■ **COLLECTED DATA**:
◇ ◇ ◇ ◇ ◇ ◇ ◇
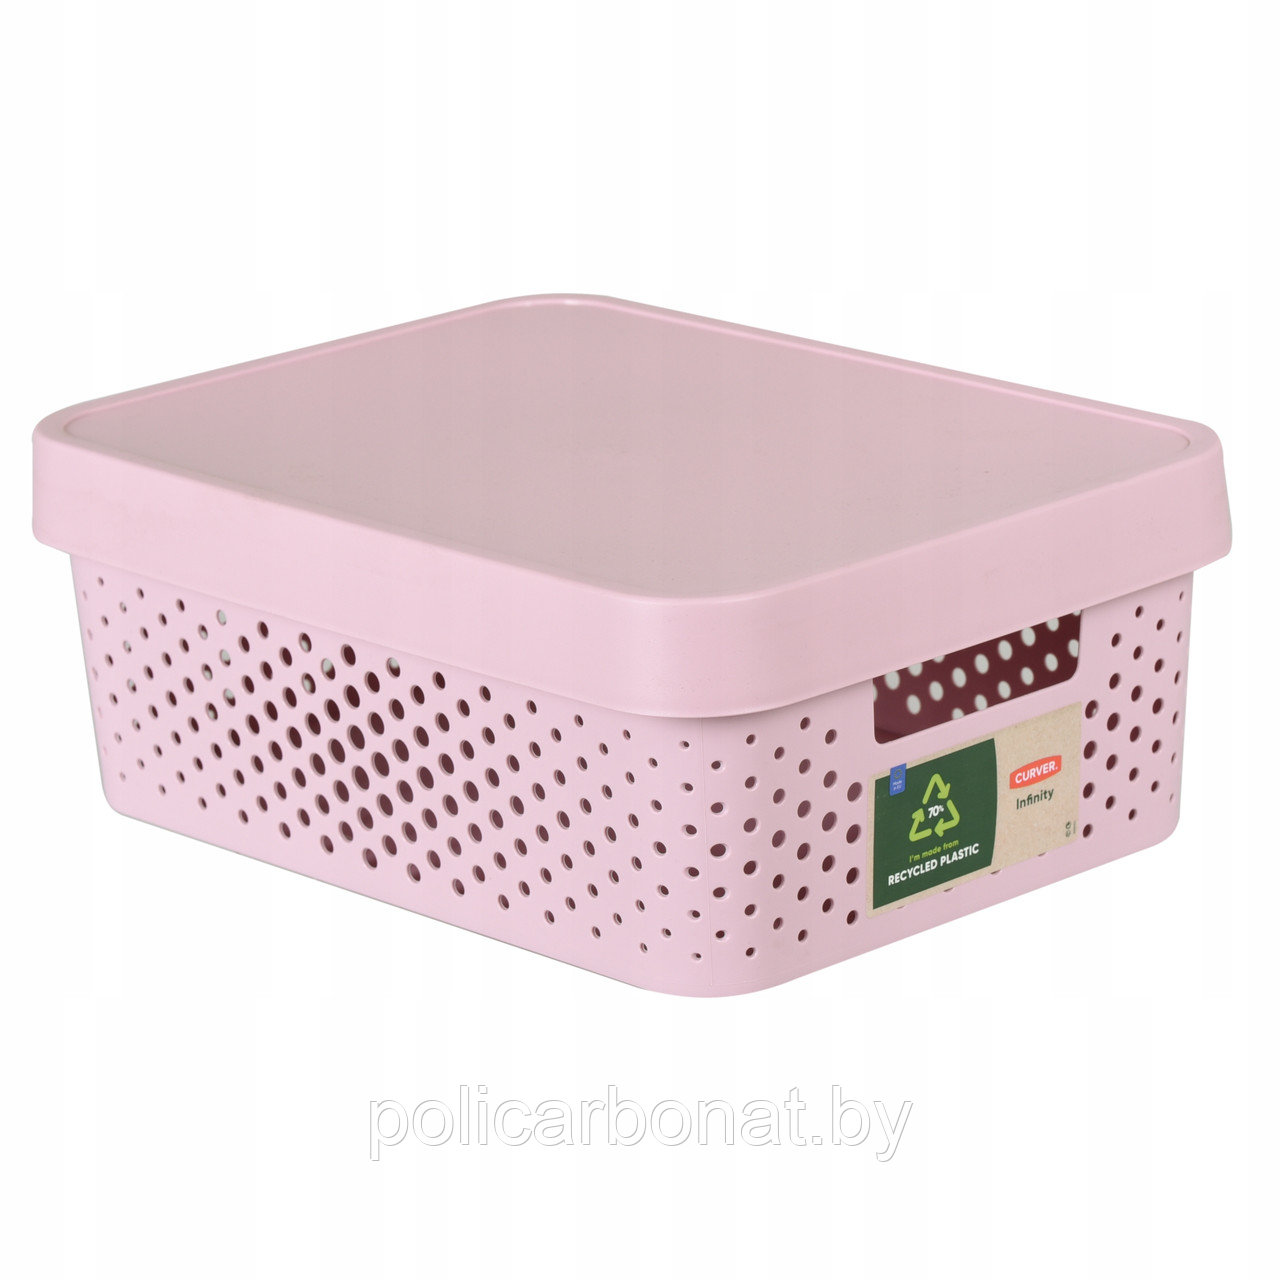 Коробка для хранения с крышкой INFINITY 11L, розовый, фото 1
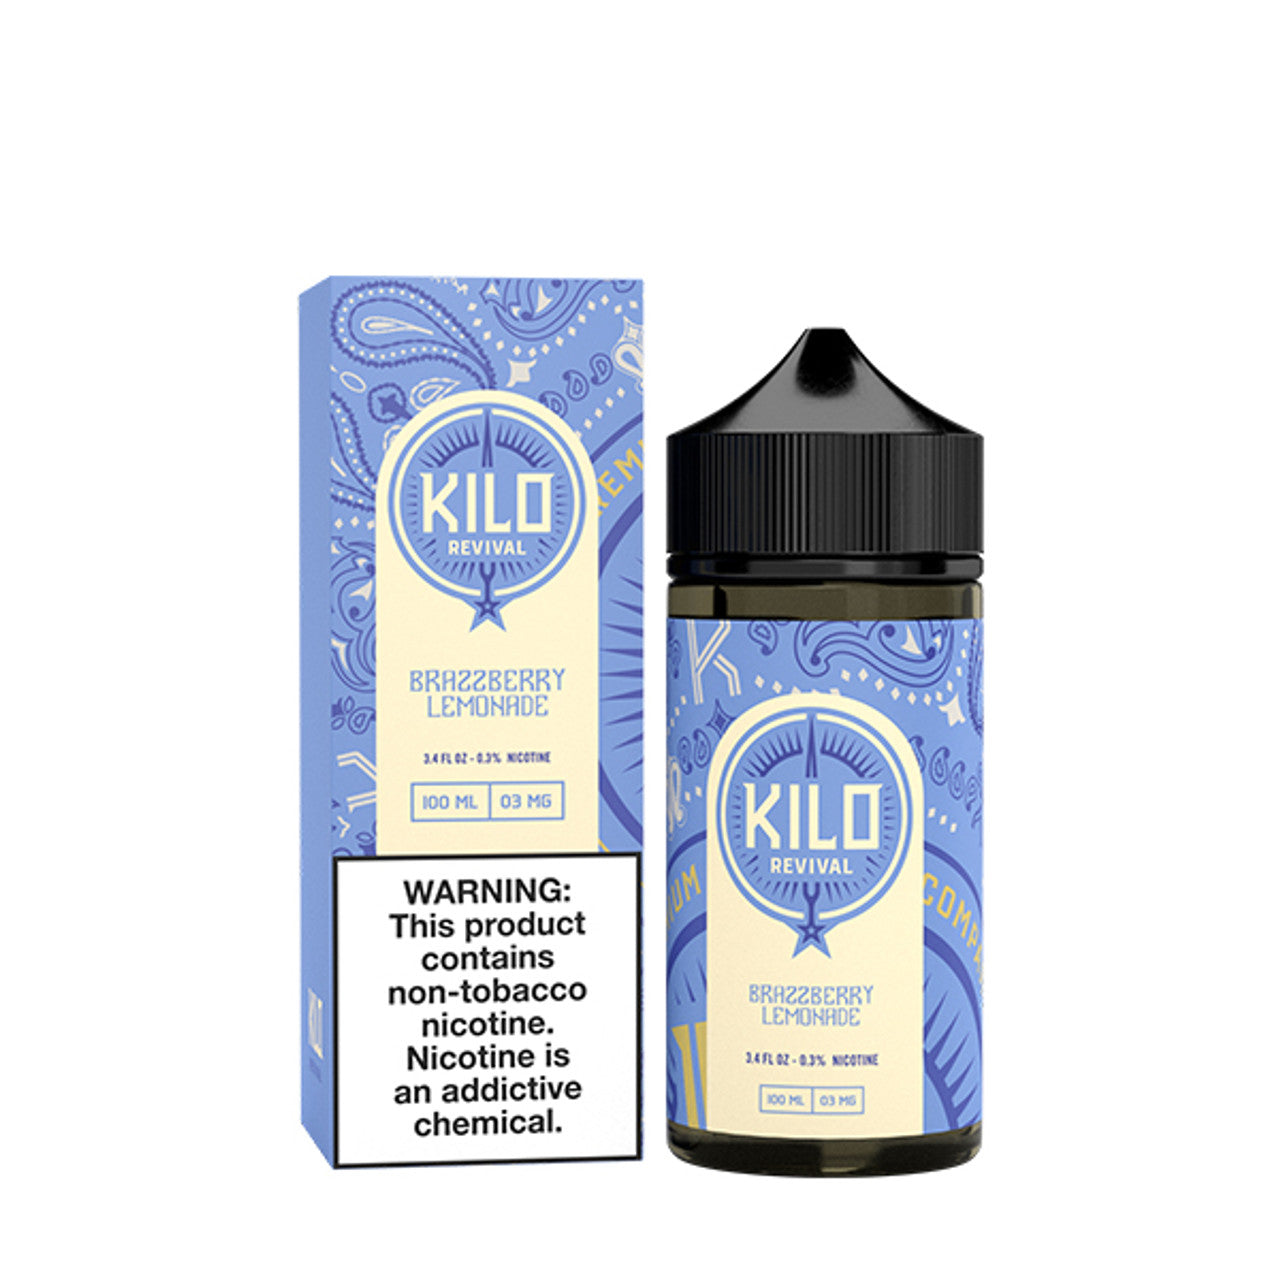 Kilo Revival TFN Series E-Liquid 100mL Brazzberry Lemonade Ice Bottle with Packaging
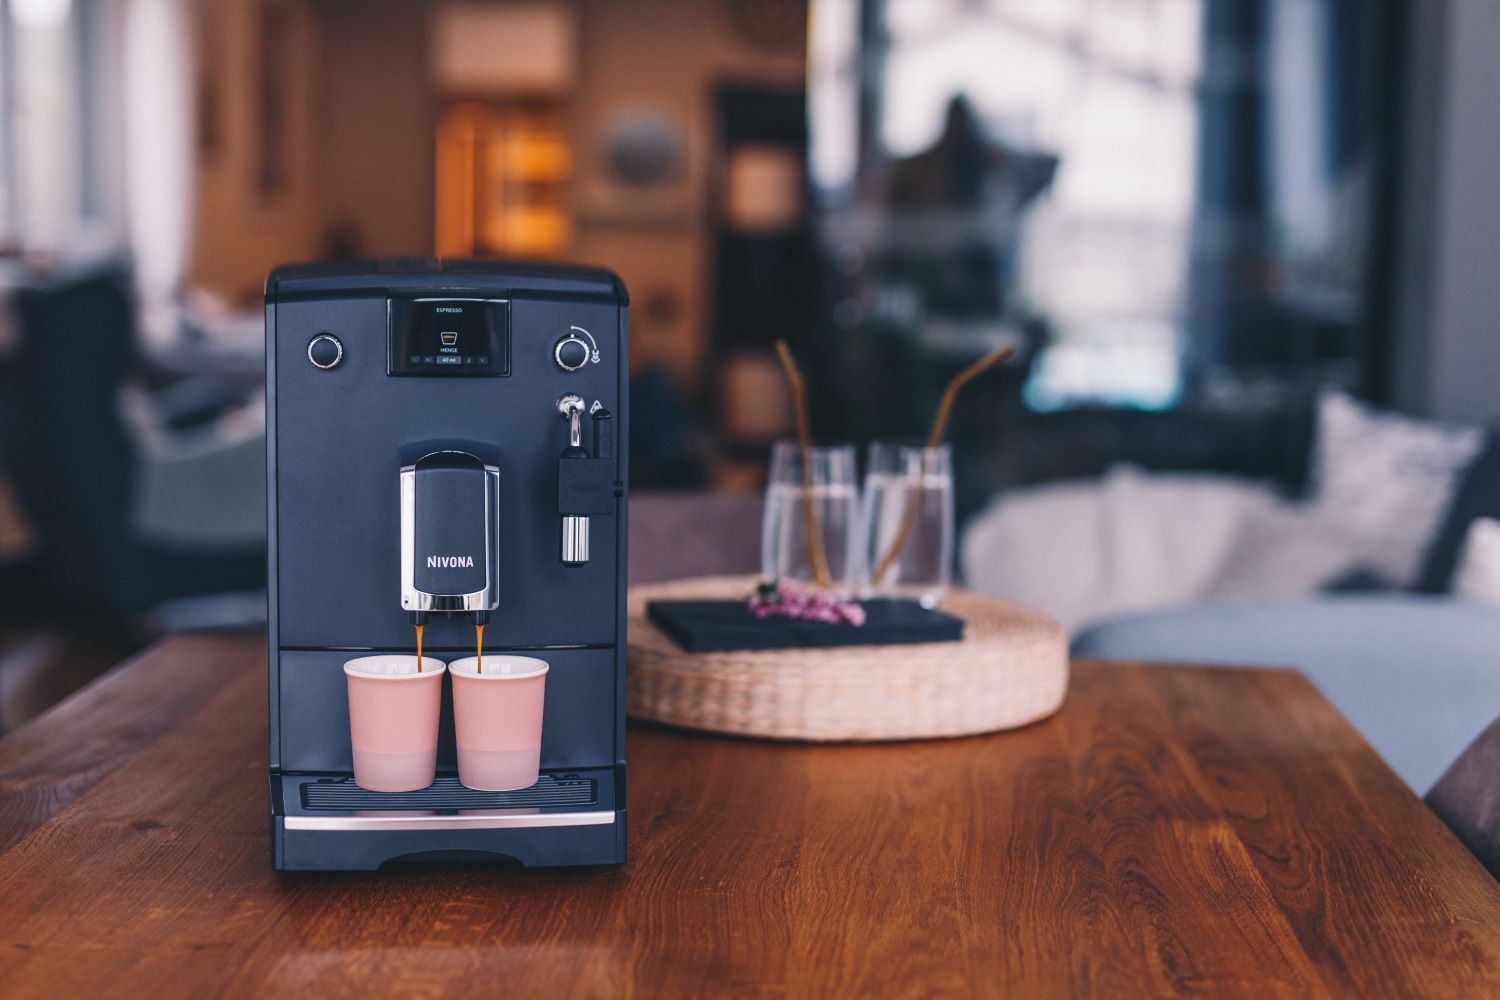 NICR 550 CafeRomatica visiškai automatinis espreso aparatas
◇ ◇ ◇ ◇ ◇ ◇ ◇
■ **TASK INSTRUCTIONS**:
Go through the data and return every word of it verbatim, leaving out the pictures.

■ **ANSWER TO THIS EXERCISE**:
 Коробка для хранения с крышкой INFINITY 11L, розовый, фото 1
 Kilo Revival TFN Series E-Liquid 100mL Brazzberry Lemonade Ice Bottle with Packaging
 NICR 550 CafeRomatica visiškai automatinis espreso aparatas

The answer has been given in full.